We mined four publicly available genome-wide expression data sets from Gene Expression Omnibus (GEO) database in NCBI, including GSE27962 [23], GSE48060 [24], GSE7487 [25] and GSE47495 [26]. These datasets recorded gene expression data of cardiac remodeling after myocardial infarction or myocardial infarction-induced heart failure. After downloading the four publicly available datasets, we first detected the expression data distribution for the eight genes in this study, then we applied log transformation and quantile normalization to the expression data if they were not normally distributed. To compare the gene expression difference between case groups (mainly myocardial infarction (MI) operation) and control groups (sham operation), we used unpaired Student’s t-test to compute the significance as GEO website recommended. Data are presented as mean ± SE (standard error). Finally, we corrected for multiple testing of the eight genes and genes having a threshold of P < 0.00625 = 0.05/8 were considered to be differentially expressed between two groups.

ECHS1 plasma experiments

We randomly selected ACS patients with heart failure (HF) symptoms at NYHA stage II or less (n = 61), stage III or IV (n = 89) from an independent study cohort. ECHS1 protein levels were measured in plasma sample using sandwich enzyme-linked immunosorbent assays (ELISA) (ECHS1 ELISA kit, Action-award Biotech co. Ltd., Guangzhou, China) and a Multiskan GO Microplate Reader (Thermo Scientific Inc., USA).
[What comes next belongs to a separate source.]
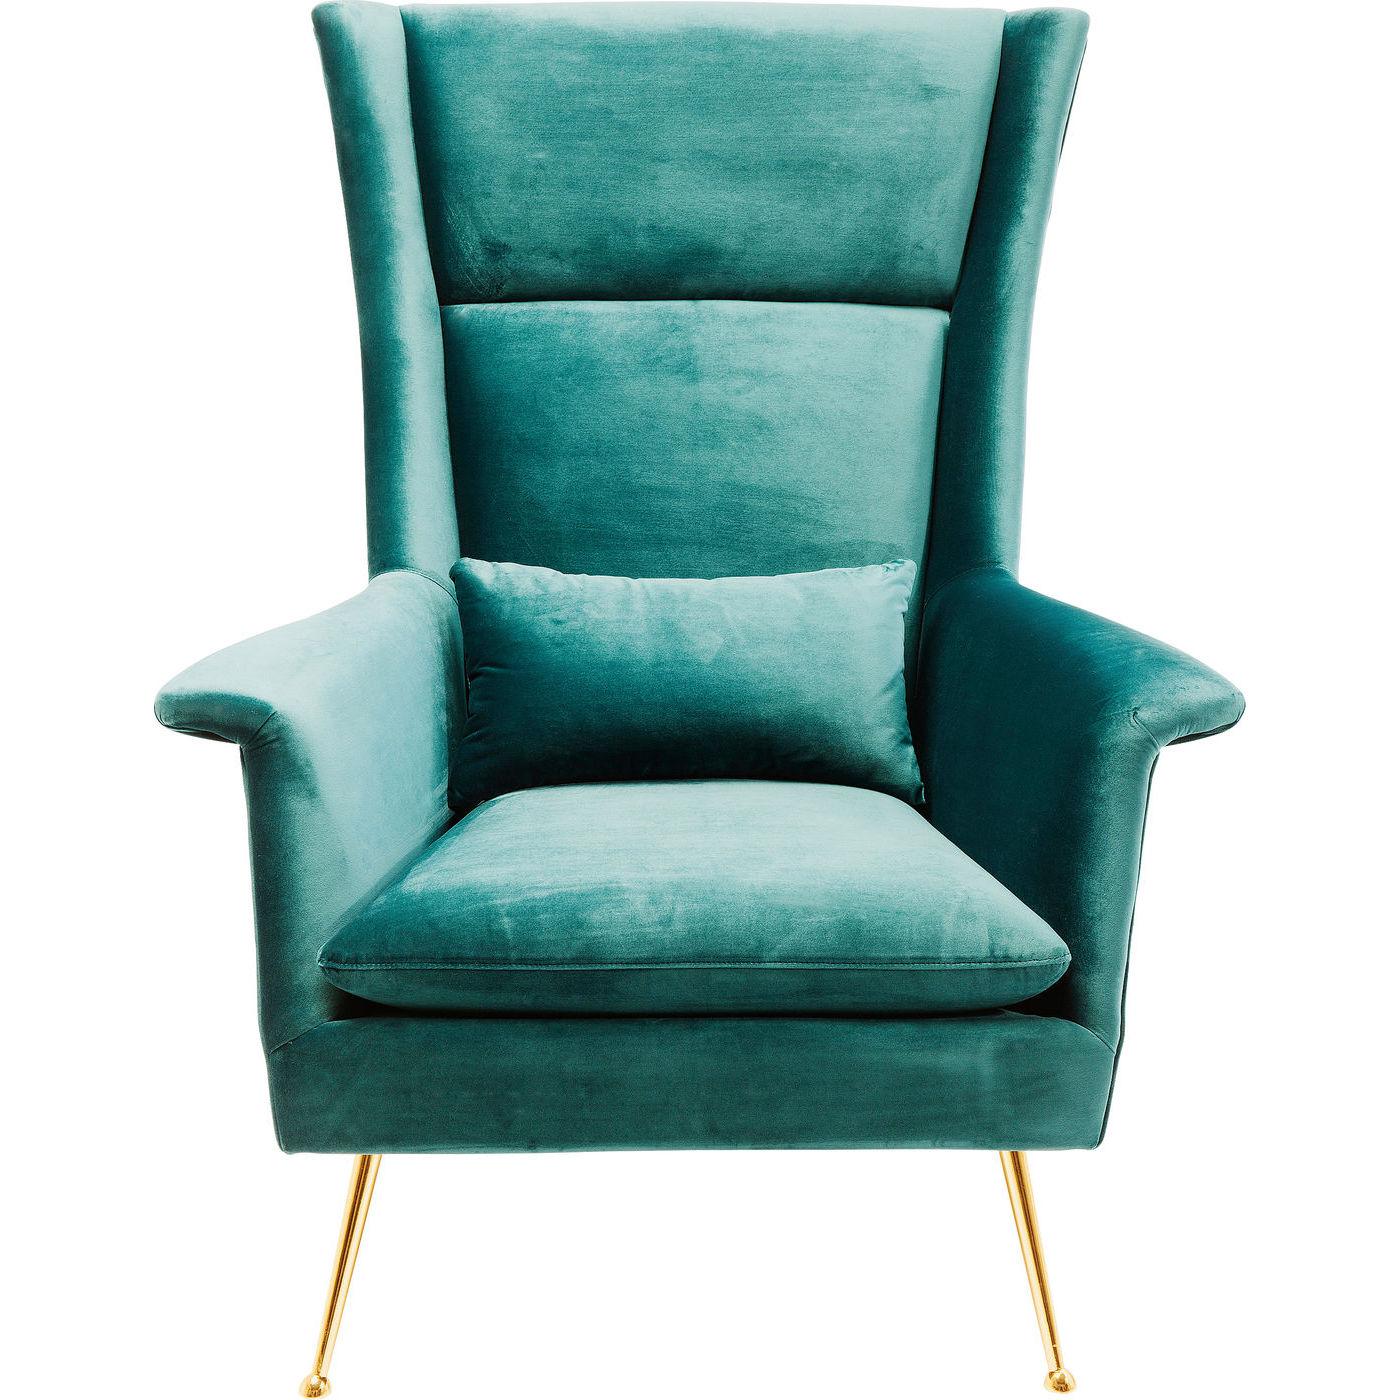 Kare design vegas forever bluegreen lænestol - blå/grønt stof og guld stål, m. armlæn fra kare design på boboonline.dk
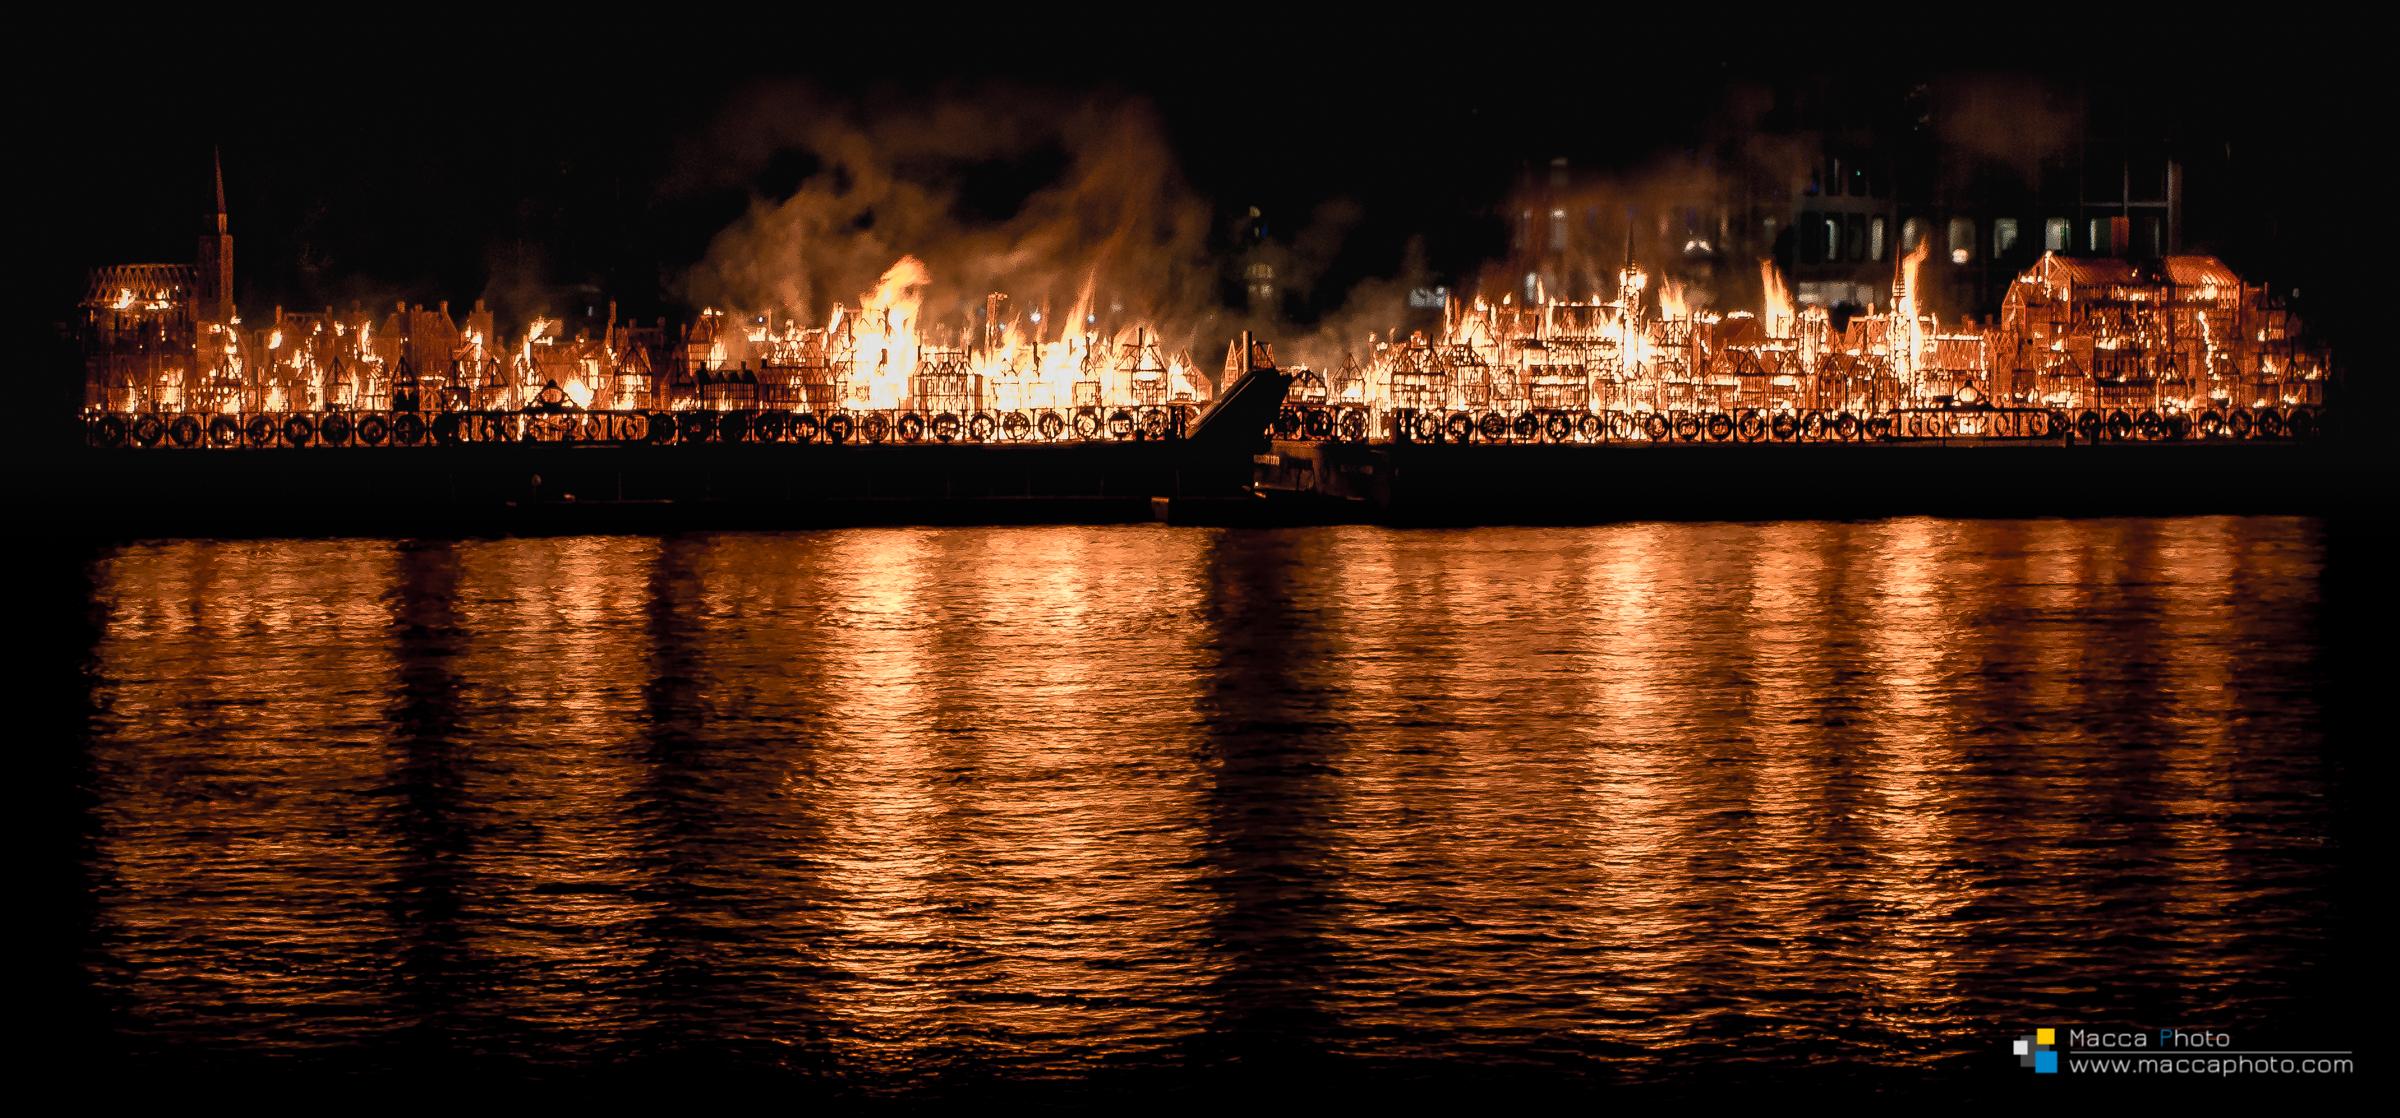 London's Burning 1

The comparison of parameters and ECHS1 protein levels between patients with HF at stage II or less (n = 61) and patients at stage III or IV (n = 89) was performed using the logistic regression analysis. Because the distribution of ECHS1 protein levels was skewed, logarithmic transformation was performed before analysis.

Prediction of 18-month MACE

This study used three machine-learning models, including support vector machine (SVM) method [27], Light Gradient Boosting Machine (LightGBM) [28] and XGBoost [29], to predict the binary phenotype—whether MACE occurred in a patient during the 18-month follow-up. The prediction analysis was completely independent from the association analyses, and all the genetic and nongenetic factors were input for analysis. There are 14,253 SNPs overlapped between the discovery and replication cohorts. After LD pruning (PLINK -indep-pairwise 50 10 0.2), 7246 independent SNPs remained. These 7246 independent SNPs as well as 20 clinical factors entered into the three machine-learning models for prediction. The whole dataset was split into 80% and 20% subsets for model training and testing, using stratified folds by balancing the percentage of samples for each class in train and test. We applied a fivefold cross-validation procedure on the train dataset to select the best hyperparameters. One fold was used as the validation set and the other four folds were involved in parameter tuning and model constructing. We repeated the process until each one of the five folds was used as the validation set once. Then we constructed the final model on the train data using the best parameters and calculated the feature importance. In each model, the factors with feature importance over zero were selected for prediction. Finally, we estimated the predictive performance based on the final model on the test dataset. Feature importance was also output to help us pinpoint the important factors that contributed to 18-month MACE. Three models were utilized so that we were able to compare their prediction performances, which could potentially reduce the bias from simply assessing one model. All the modeling procedures were conducted in Python (v3.7.8) with scikit-learn package and publicly available packages.

Results

Characteristics of the patients

Two independent cohorts were recruited and comprised 1961 patients with ACS who underwent PCI and treated with clopidogrel and aspirin for 6–12 months in accordance with the consensus guidelines. After performing sample quality control, 168 patients were included in the discovery study and 1703 patients remained in the replication study (Table S2 and S3). For the total 1871 patients, the average age was 63.3 (±10.7) years, 357 (19.1%) were women, 174 (9.3%) had a MACE endpoint during the 18-month follow-up period. Table 1 shows the association of demographic and clinical characteristics with MACE. MACE was associated with increasing age (65.84 ± 10.17 vs. 63.07 ± 10.74, P < 0.001), hypertension (68% vs. 56%, P < 0.001), and high creatinine (100.9 ± 85.96 vs. 87.03 ± 44.84, P < 0.001) (Table 1). These combined clinical variables explained 5.80% of occurrence of the MACE, thus suggesting potentially substantial genetic contribution.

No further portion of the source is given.